This is the mail archive of the
mailing list for the GCC project.
Re: Split Stack performance, signals
- From: Anders Oleson <anders at openpuma dot org>
- To: Ian Lance Taylor <iant at google dot com>, keithr at alum dot mit dot edu, gcc at gcc dot gnu dot org
- Date: Wed, 16 Sep 2015 01:18:14 -0700
- Subject: Re: Split Stack performance, signals
- Authentication-results: sourceware.org; auth=none
- References: <CAKTo2EkTGrb9_ucRVXOVB3FBiVBcqW6qOkHKuxUhZfdFPrjQBA at mail dot gmail dot com> <CAKOQZ8yKXP-75PkEgxqrDMjOqXxUVfe-MRG3o3byUR4AAPSt2g at mail dot gmail dot com>
>> prolog overhead, no call to __morestack : < 1 clock
>> stock call to __morestack (hot): > 4000 clocks
>> without signal blocking: < 60 clocks
>> potential best case: < 6 clocks
> This sounds great.
The data structure I was experimenting with ended up to be not very
different than struct stack_segment. So I am adapting my standalone
test to morestack.S in libgcc. It may not achieve quite 6 clock cycles
within the existing framework, but it should be pretty close. But it
will be useful enough as a larger scale test to be worth a little
effort attempting it.
I also played with using the modulo page-size lower boundary (option
#5) instead. It would have solved one problem with atomic updates but
not all, and but would require very finicky book-keeping. FWIW, it
caused the prolog to slow down just slightly but was actually around
50% shorter. So using fs:0x70 still appears the best performance and a
good balance overall.
How difficult is it to modify the prologs that get generated? I think
I found the code that does that in i386.c and i386.md, but it is
pretty cryptic to me. Any pointers? I know exactly what I want the
assembler to look like. If so I can reduce the overhead from 36 bytes
to 27 for best performance and 21 for best size.

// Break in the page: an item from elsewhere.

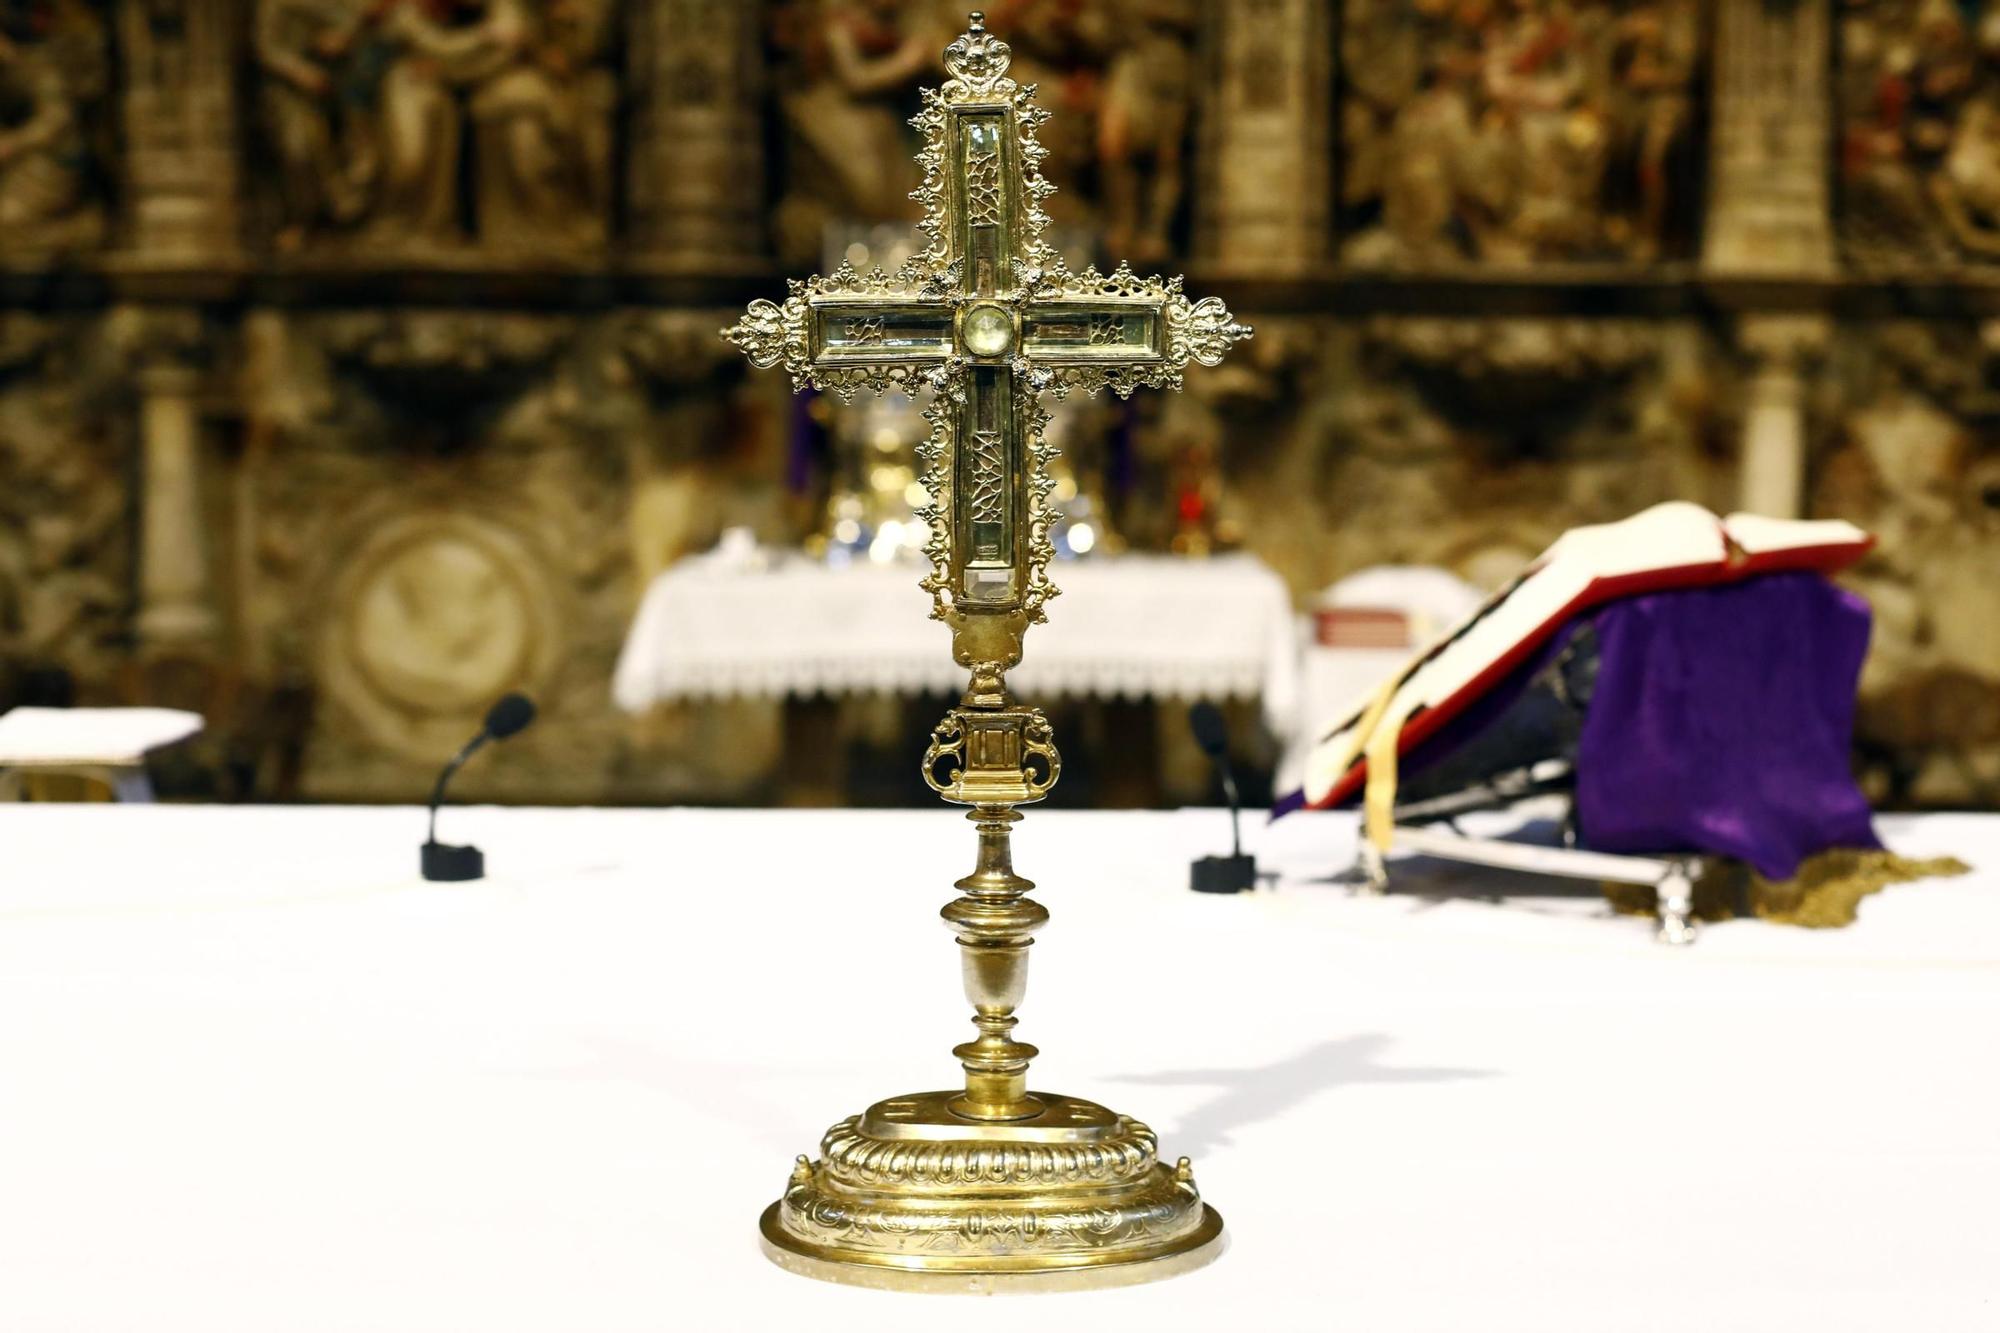 EN IMÁGENES | La Veracruz de Caspe, una de las grande reliquias de la cristiandad, puede venerarse en la basílica del Pilar

I have not yet played with Go. Keith mentioned having seen issues with
performance variations - is there a representative Go project that I
could build as a good full scale test/benchmark with gccgo? I tried
compiling GCC itself with the _stock_ -fsplit-stack by adding it to
BOOT_CFLAGS. It did not go well. One of the code generator programs
bombed, but it didn't expect it to work easily. Maybe a bit less
*full* scale of a test than that ;)